Boehner disagreed, and in an action that had more than a whiff of Congress saying that two can play the game of unilateral actions, Netanyahu was invited to give his views. The president’s men, stung, angrily snapped that Boehner had “breached protocol.” Boehner calmly replied that he wasn’t “poking anyone in the eye.”
There could be no clearer picture of what the next two years — the last two years — of the Obama presidency will look like. The roles suddenly reversed, Republicans in Congress will be proposing, and a veto pen-wielding Mr. Obama will say no. No, no, and no again.

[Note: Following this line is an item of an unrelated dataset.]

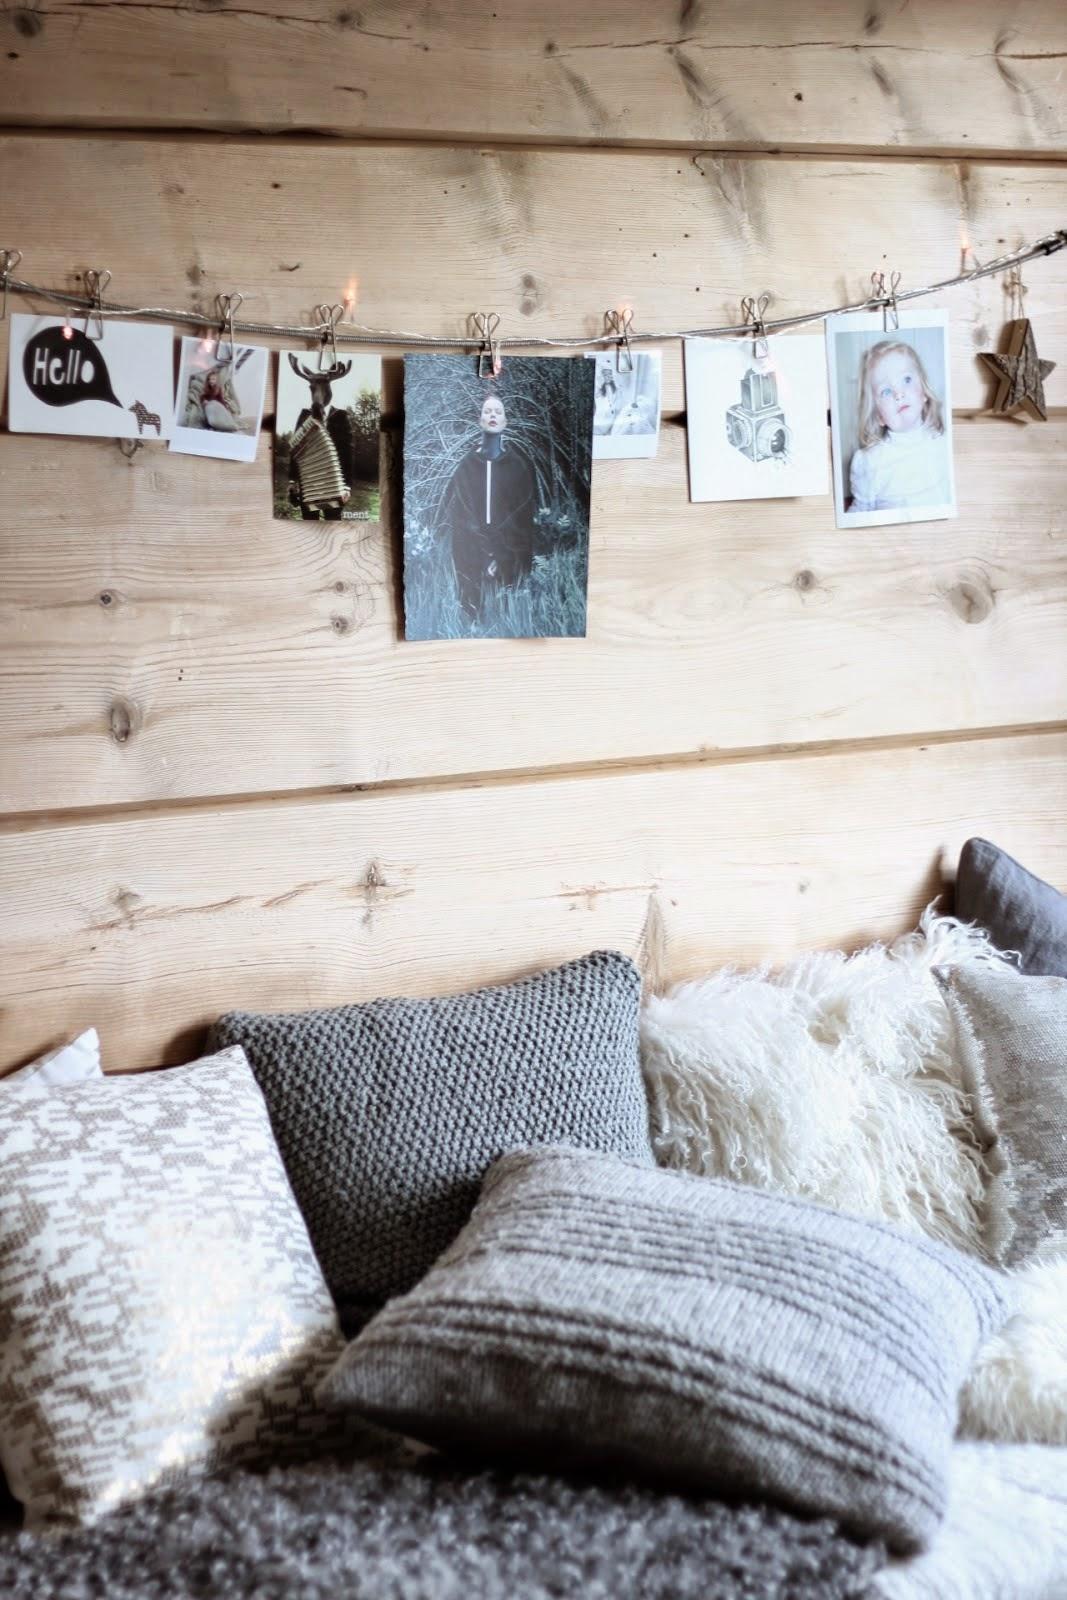 semaine 41 sur les blogs d co. Black Bedroom Furniture Sets. Home Design Ideas

One hopes Republicans will be able to stick to their beliefs. The Boehner invitation to Netanyahu startles — and the speaker should be congratulated for his boldness. But for all the issues of import facing the country, the prospect of Iran obtaining nuclear capability is without doubt at the top of the list. Yet there remain those possessed of the idea that, as Hillary Clinton expressed it in her quickly infamous recent talk at Georgetown University, the world will yield to empathy and foreign policy re-sets. No matter that this attitude has only brought contempt from every American adversary or enemy from Russia’s Putin to the Iranian mullahs to China and ISIS. As the Weekly Standard quoted Clinton:
“This is what we call smart power,” Clinton said to a small audience at Georgetown. “Using every possible tool and partner to advance peace and security. Leaving no one on the sidelines. Showing respect even for one’s enemies. Trying to understand, in so far as psychologically possible, empathize with their perspective and point of view. Helping to define the problems, determine the solutions. That is what we believe in the 21st century will change — change the prospects for peace.”
This is an article of faith in the progressive world. And no matter the endlessly bad results it actually produces, if there is a progressive anywhere near the levers of presidential and diplomatic power this is where U.S. policy is headed — unless in some fashion Congress can force a change.

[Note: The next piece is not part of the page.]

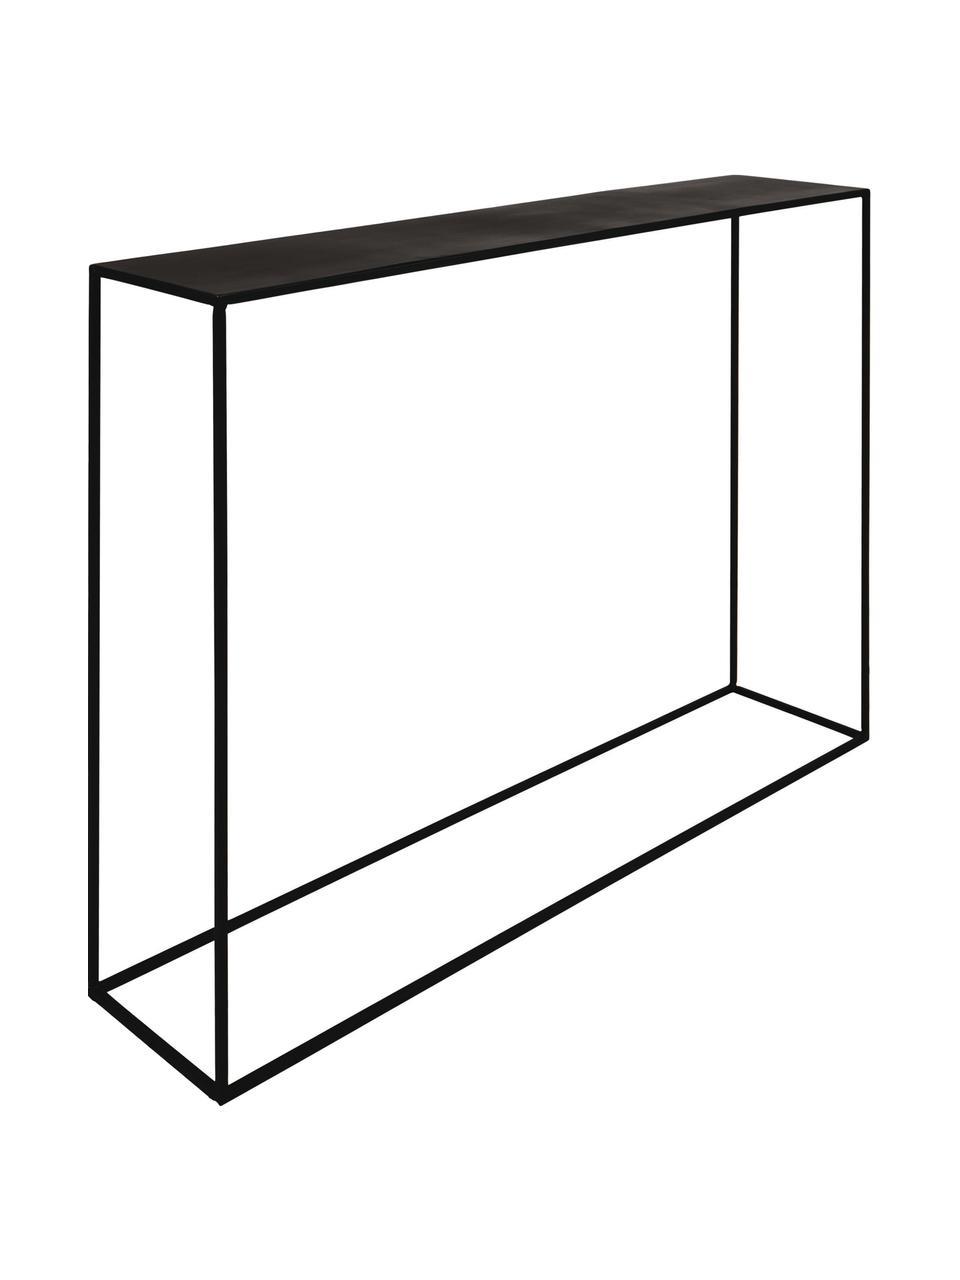 Metalen sidetable Expo in zwart, Gepoedercoat metaal, Zwart, B 110 x D 25 cm

Thus, the Boehner initiative which will indeed induce a serious talk in Washington policy circles about Iran has been met with a stiff if helpless rebuff from President No.
Speaking of stiff, isn't it about time that the GOP add that to their collective spinal adjustment?
In the last six years, even the slightest resistance to Obama — not to mention the gale force winds of the Tea Party — have been painted as nothing more than outright negativity of the deepest, darkest, and most cynical kind. Nativist, mean-spirited, racist. Only yesterday Mrs. Clinton was in Canada and said that President Obama had laid down some policy “markers” and that America would see whether the GOP was capable of a “positive” response.
So ingrained has this idea become that there are prominent gullible Republicans who have swallowed this analysis whole. As here with South Carolina’s Senator Lindsey Graham, who said back there in a 2012 analysis of the GOP: “We’re not generating enough angry white guys to stay in business for the long term.”
For the first time in a long time, Republicans in Congress have the opportunity to start changing this “Party of No” dynamic. The opportunity to relentlessly send Mr. Obama one piece of legislation after another that he will have no recourse but to either say “yes” and accept — or reject. And the rejections — the saying “no” — are every bit as important as the acceptances in governing.
The world is slowly moving on from the Obama era. The fight over its legacy is beginning.
This is one page WE are certainly ready to turn...in hopes that it leads to a better story.